I did share all the relevant information as soon as I saw your replies on the issue. I didn't mean that it is easily reproducible. It was just a badly worded comment. My Windows install is so basic that I thought the issue would most likely be easy to reproduce for anyone on Windows.
There is a possibility that this has been caused by the changes in PR #38. But AFAICS that would mean that the MinGW "gcc" executable relies on argv[0] to contain the full path of itself to find "cc1.exe" (which would be unusual, IMO).
Its probably that PR. Choosenim 0.8.12 creates a working install. I don't see any other changes in Choosenim 0.8.14 related to the proxy executables. The only clear differences in the Nim installations made by Choosenim 0.8.12 and 0.8.14 were the executables in .nimblebin.

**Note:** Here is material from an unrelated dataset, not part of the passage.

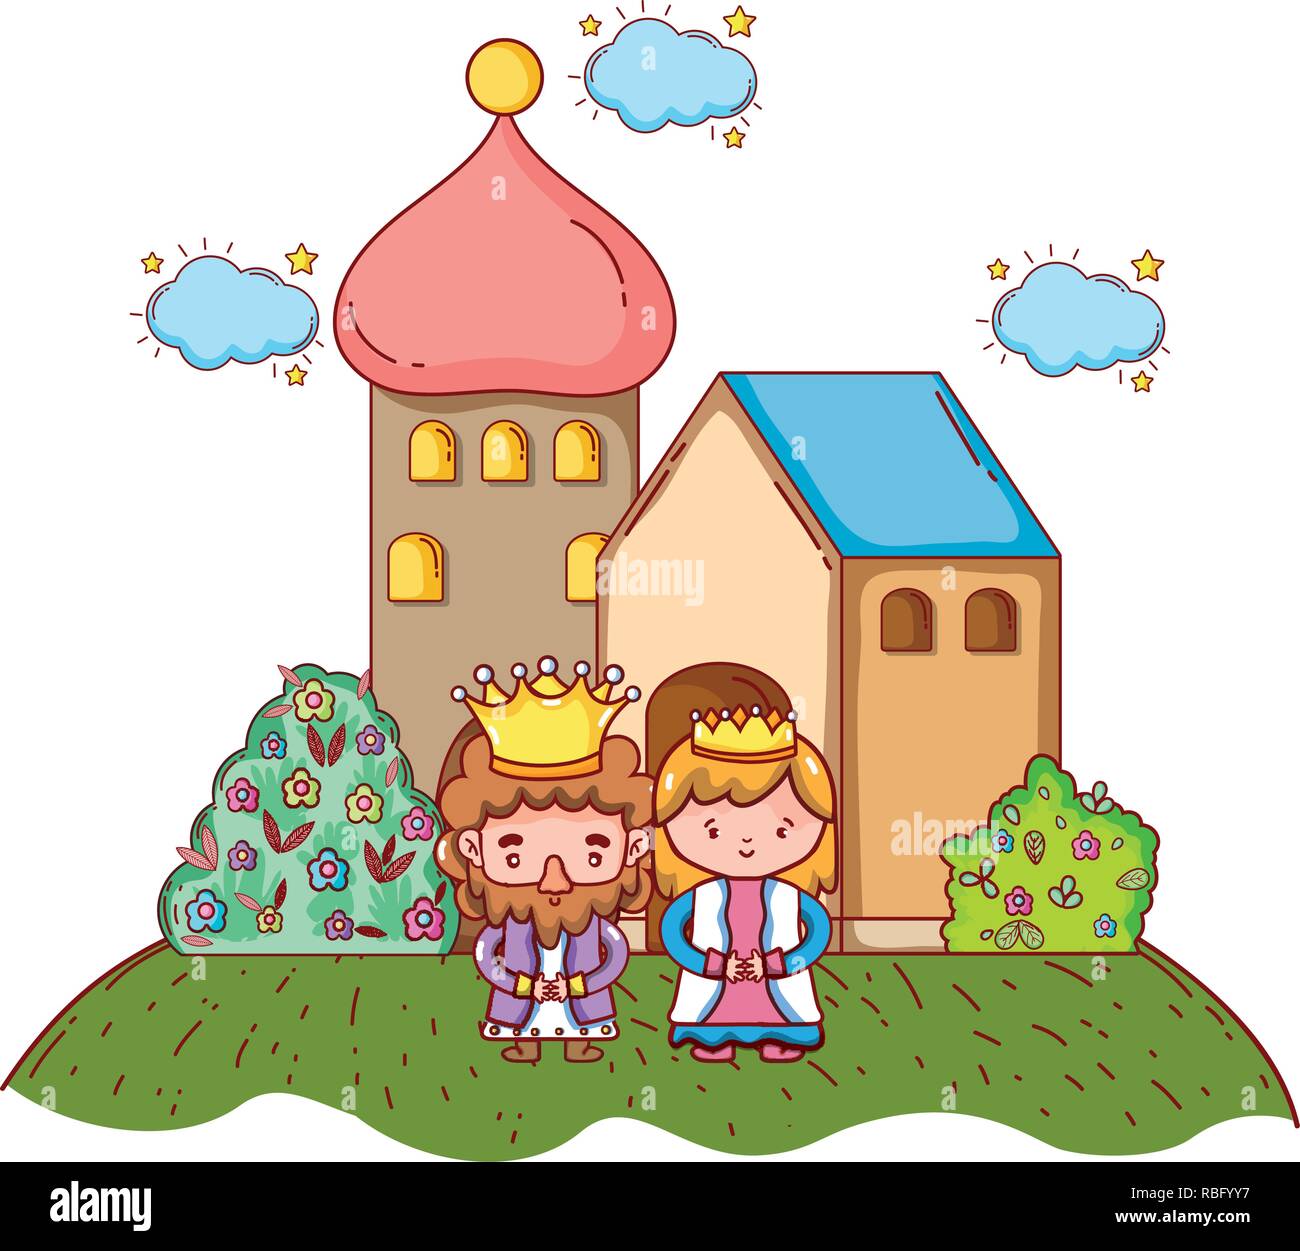 Holy Family Of Nazareth Stock Vector Images - Alamy

I disable virtualization in my BIOS to get the maximum gaming performance out of my Ryzen 5700x that is pretty old at this point. I'm going to port my Linux project that interfaces with a QMK keyboard over rawhid to switch keyboard layouts based on the current window title. I doubt that kind of a project would work in WSL or when cross-compiled to Windows through WSL. It uses Python libraries with Nimpy and I'm also going to use Winim for Windows API stuff.
Anyway the manual install of Nim 2.2.4 works just fine, so the Choosenim 0.8.14 bug is not a big problem for me.
You can try scoop to get working gcc and nim - no issues with paths (automatic path management), no need to choosenim, etc:
scoop install gcc
scoop install nim
Ok there is actually nothing wrong with the install experience of the manual install. My main problem was that if Choosenim is advertised as an installer with easy version switching, it should just work by opening an executable and following the prompts.
Also after writing this I found out that both the manual install and Choosenim don't actually require editing path by hand. Choosenim just doesn't clearly say that it already added the Nimble bin dir to path.
Ok, I finally managed to to write a test for the CI that reproduced the problem.
choosenim really was not written with easy testing in mind. The amount of hoops I had to jump through to get it to make a Nim install from the binary distribution including the MinGW download and install where enough to furnish a whole gymnastic school.
Then I had convince the installed choosenim proxy executables to actually use the custom choosenim dir set in the CI tests, so it would actually run the nim compiler and gcc that where just installed in that custom choosenim directory by the test. Turns out, you couldn't actually do that yet, because you would need the --chosenimDir command line option for that and the proxy executables would pass that option on to the proxied executables, who would of course error out because they don't recognise that argument.
So I had to add support for a CHOOSENIM_DIR environment variable, just to able to write the test properly. Well, that might come in handy anyway.
So, I first thought that, as I've mentioned above, that the root of the issue was not passing on the full path of the proxied executable from the proxyexe when using the new method of calling the proxied executable using execv:
https://github.com/SpotlightKid/choosenim/actions/runs/16211913011/job/45773537780?pr=4#step:5:213
Fixing that got rid of the error in the original report, but the MingW gcc still failed, this time in the linker:
https://github.com/SpotlightKid/choosenim/actions/runs/16212138680/job/45774147612?pr=4#step:5:197
So, I reverted back to using startProcess in the proxyexe on windows and that seems to have fixed the problem.
https://github.com/SpotlightKid/choosenim/actions/runs/16212303384/job/45774616630?pr=4#step:5:173
I'm currently out of ideas why the execv method doesn't work on windows. Since I'll be away for the weekend without access to a computer, I'll open a PR with the new test and fix/revert and the choosenim maintainers can decide what to do.